Nov 08, 2010 03:27 PM

Post developed in collaboration with Martin Lee, Senior Software Engineer

Our spam boxes are typically full of the usual suspects -- pharmaceutical spam, watch spam, relationship spam, and offers from the family members of ousted African potentates. The obvious solution is to create a block list of key words used in these spam messages. Unfortunately it isn’t that easy.

Consider pharmaceuticals. While the vast majority of emails with pharmaceutical names are spam there are legitimate emails using these key words and in some industries, like health care, these key words are in use daily. Key word based spam filtering creates high numbers of false positives, putting legitimate emails into spam folders. Extending the health care example, these false positives can have any number of negative outcomes from missing a meeting with a pharmaceutical representative to direct impacts on patient care.
 

We have not used key word based spam filtering for many years precisely because of the problems of false positives. Our spam filtering consists primarily of identifying the botnets that send spam and ensuring that these sources of spam do not send messages to our users. We have a large honeypot network that analyses current spam in circulation and generates signatures derived from these spams. We use these signatures to detect and block spam sent to our customers. The vast majority of these signatures are URLs or phrases unique to advanced fee fraud emails, single key words are not used as signatures.

We also use Symantec's spam signature system, Brightmail, to further filter email. Again, this primarily uses signatures derived from URLs and phrasing found in current spam rather than key words.

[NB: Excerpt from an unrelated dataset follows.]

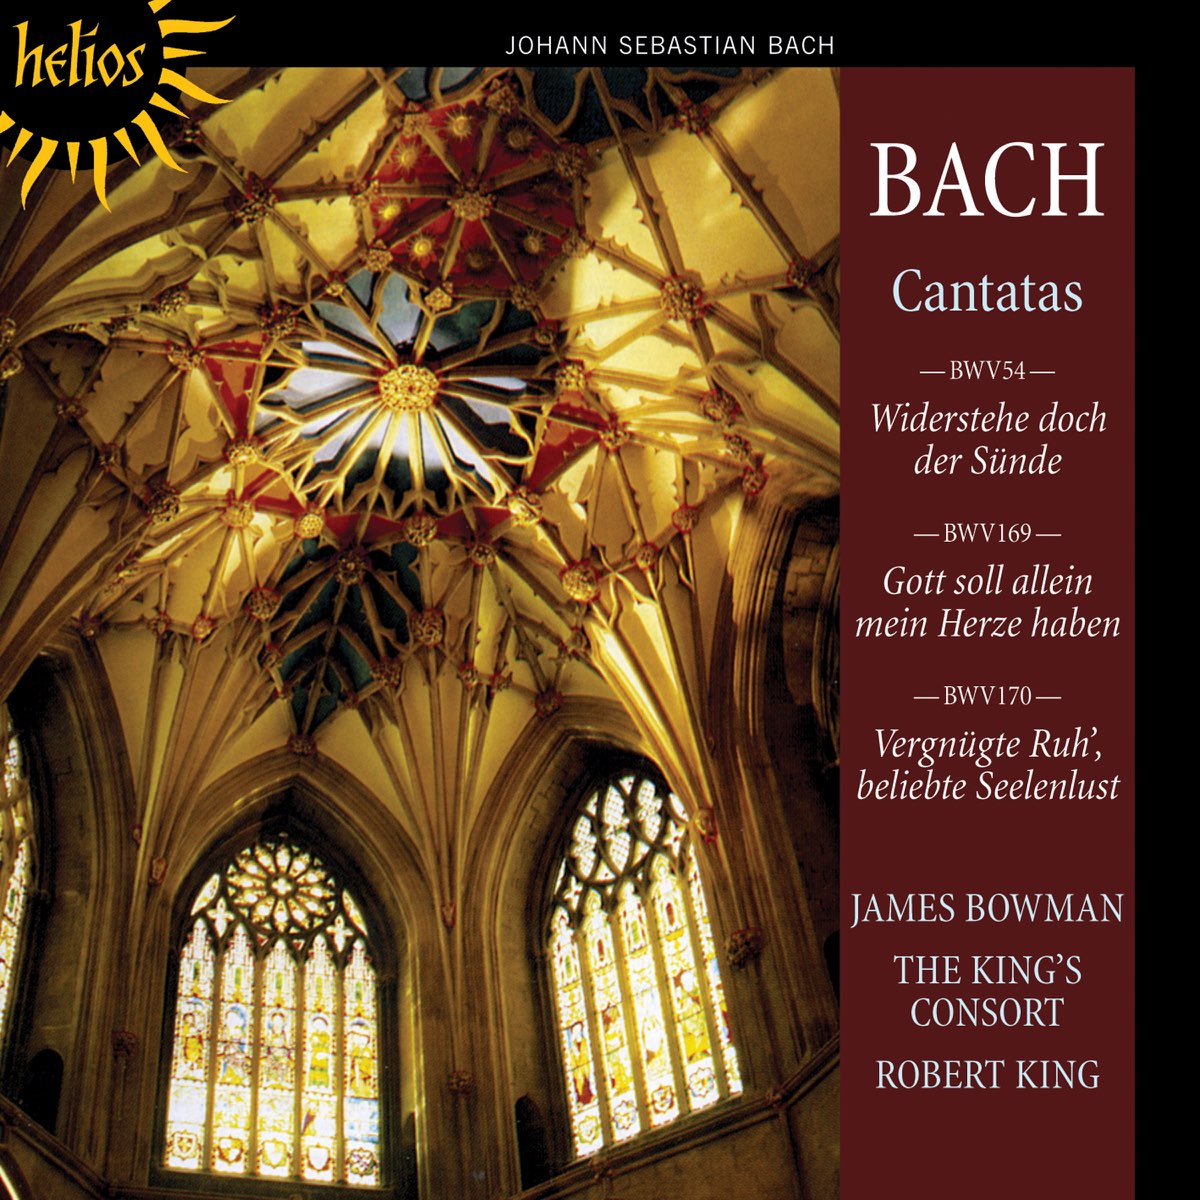 54 169. Bach Cantatas. James Bowman. James Bowman Countertenor. Handel: Fireworks Music & Coronation Anthems the King's Consort, Robert King.

As an additional protection we have a spam heuristic system that we use to block persistent spam that evades our other methods of detection. In this system combinations of various rules are used to detect spam messages. Again, simple key word analysis is not used, however we do search for obfuscation attempts, therefore the string '\/i@gr.a' may trigger a rule. Each rule triggered adds to the score given to an individual email, once a threshold is reached the email is blocked as spam. 

These processes yield a stream of emails that is almost completely clean of spam with very few false positives. We typically exceed our spam blocking service level agreement of 99% by many orders of magnitude with accuracy rates for September of 0.000008% false positives –  1 in 12.5 million emails.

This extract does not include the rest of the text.